1. Bayesian Optimization Python Package
  2. Using Bayesian Optimization
  3. Ensembling
  4. Results
  5. Remarks
  6. Code

1. Bayesian Optimization Python Package

Bayesian Optimization (BO) is a lightweight Python package for finding the parameters of an arbitrary function to maximize a given cost function. It is a

constrained global optimization package built upon bayesian inference and gaussian process, that attempts to find the maximum value of an unknown function in as few iterations as possible. This technique is particularly suited for optimization of high cost functions, situations where the balance between exploration and exploitation is important.

In this article, we demonstrate how to use this package to do hyperparameter search for a classification problem with Scikit-learn.

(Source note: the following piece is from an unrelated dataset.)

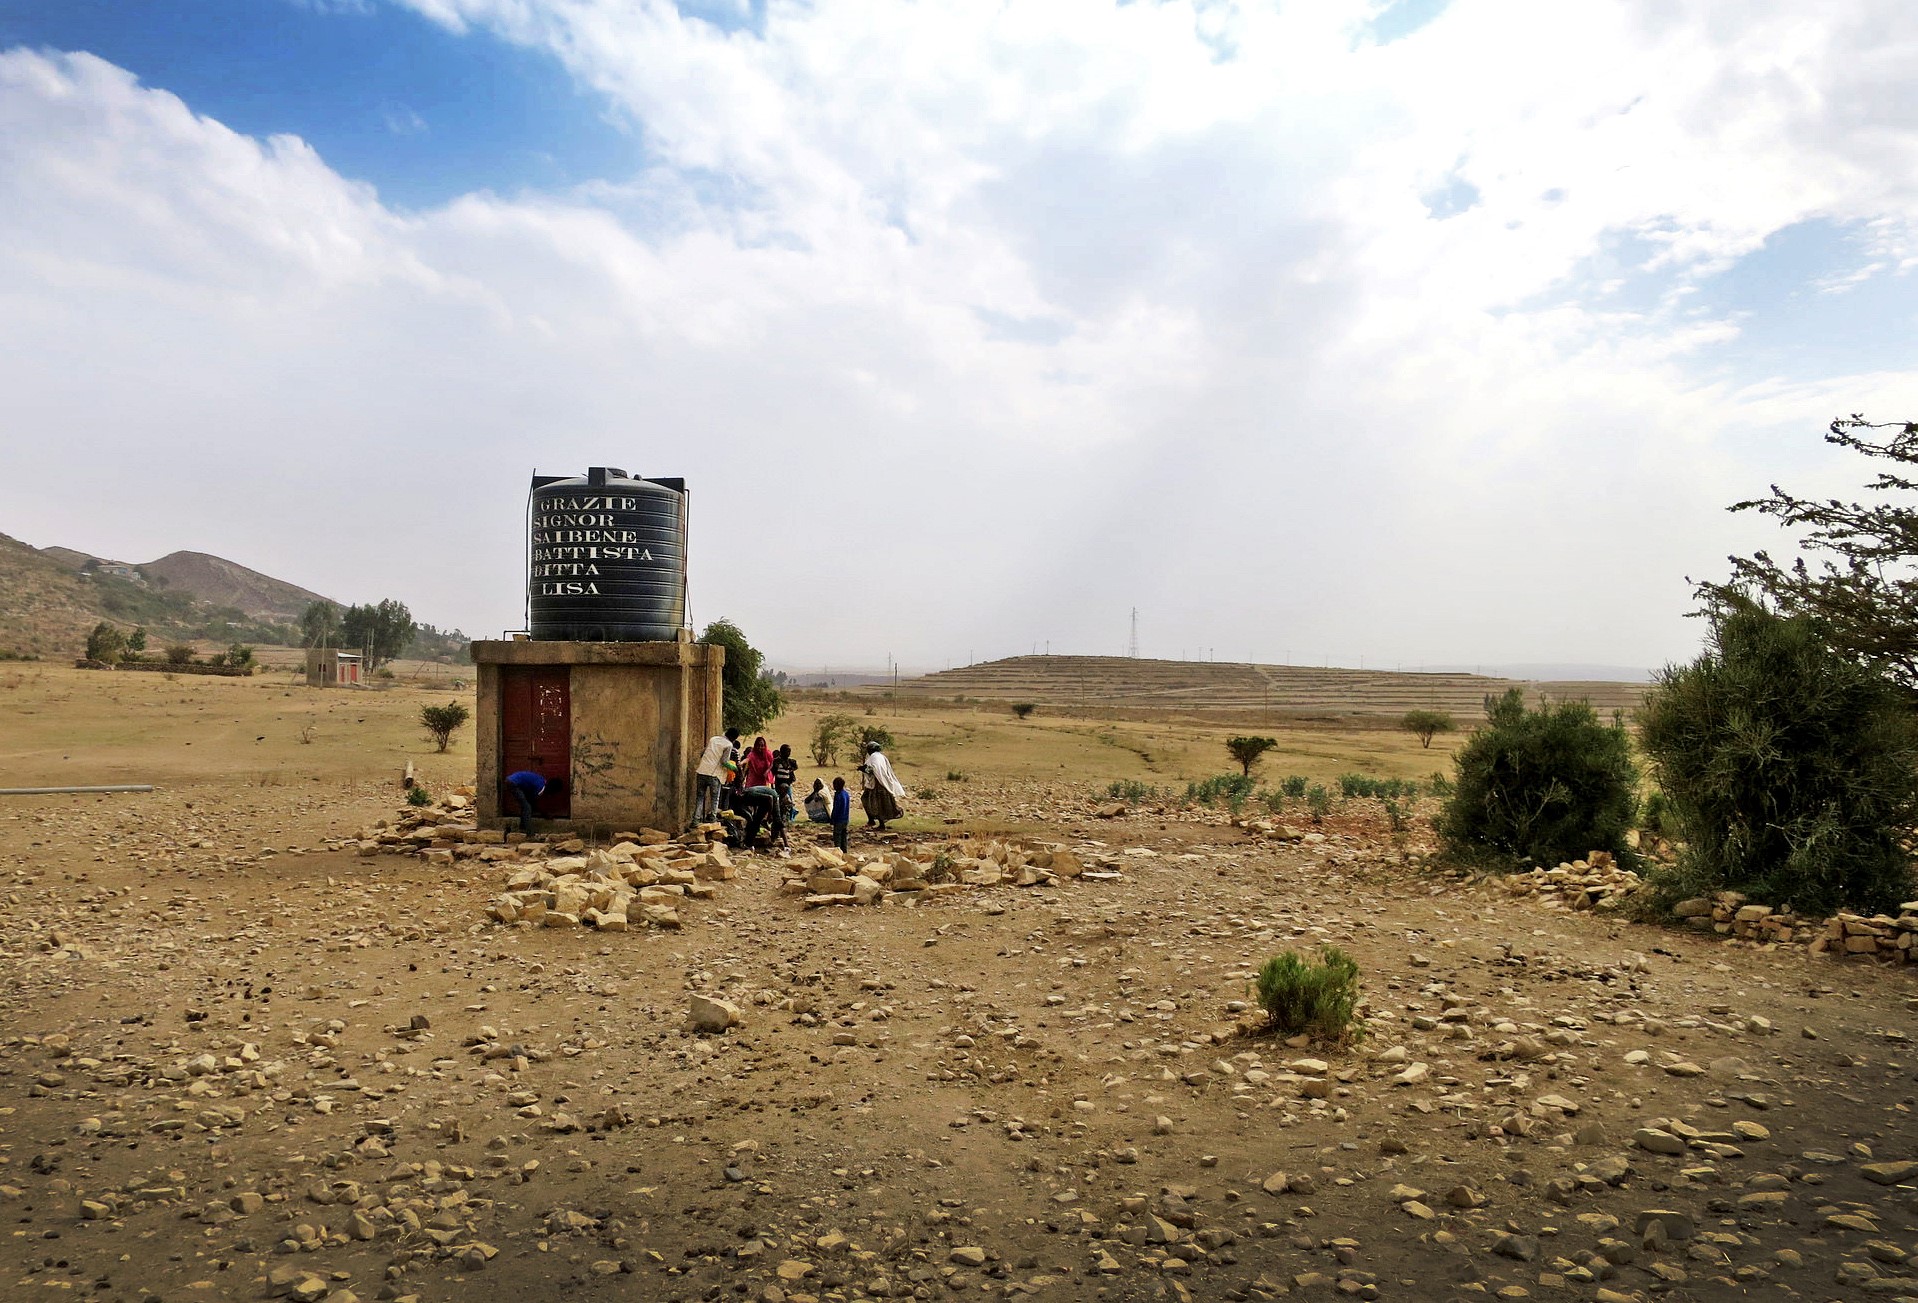 Water Collection Wukro Ethiopia; Credit: Katrina Charles/REACH

2. Using Bayesian Optimization

Below is a code fragment showing how to integrate the package with Scikit-learn

def etrees_crossval(n_estimators, max_features, min_samples_split, 
                    min_samples_leaf, max_samples):
    etrees = ExtraTreesClassifier(n_estimators=int(n_estimators),
             max_features=max_features, min_samples_split=int(min_samples_split),
             min_samples_leaf=int(min_samples_leaf), max_samples=max_samples,
             bootstrap=True, n_jobs=-1, verbose=0)
    
    mean_cv_score = cross_val_score(etrees, x, y, scoring=error_metric, 
                                    cv=cv_folds, n_jobs=-1).mean()
    
    return mean_cv_score

optimizer = BayesianOptimization(f=etrees_crossval,
pbounds={'n_estimators': (25, 251),
         'max_features': (0.15, 1.0),
         'min_samples_split': (2, 14),
         'min_samples_leaf': (1, 14),
         'max_samples': (0.6, 0.99)},
         verbose=2)

optimizer.maximize(init_points=num_random_points, 
                   n_iter=num_iterations)

print('nbest result:', optimizer.max)

NOTE: BO maximizes the given function. Thus if you are attempting to minimize a log loss, multiply it by -1 or subtract it from 1 or …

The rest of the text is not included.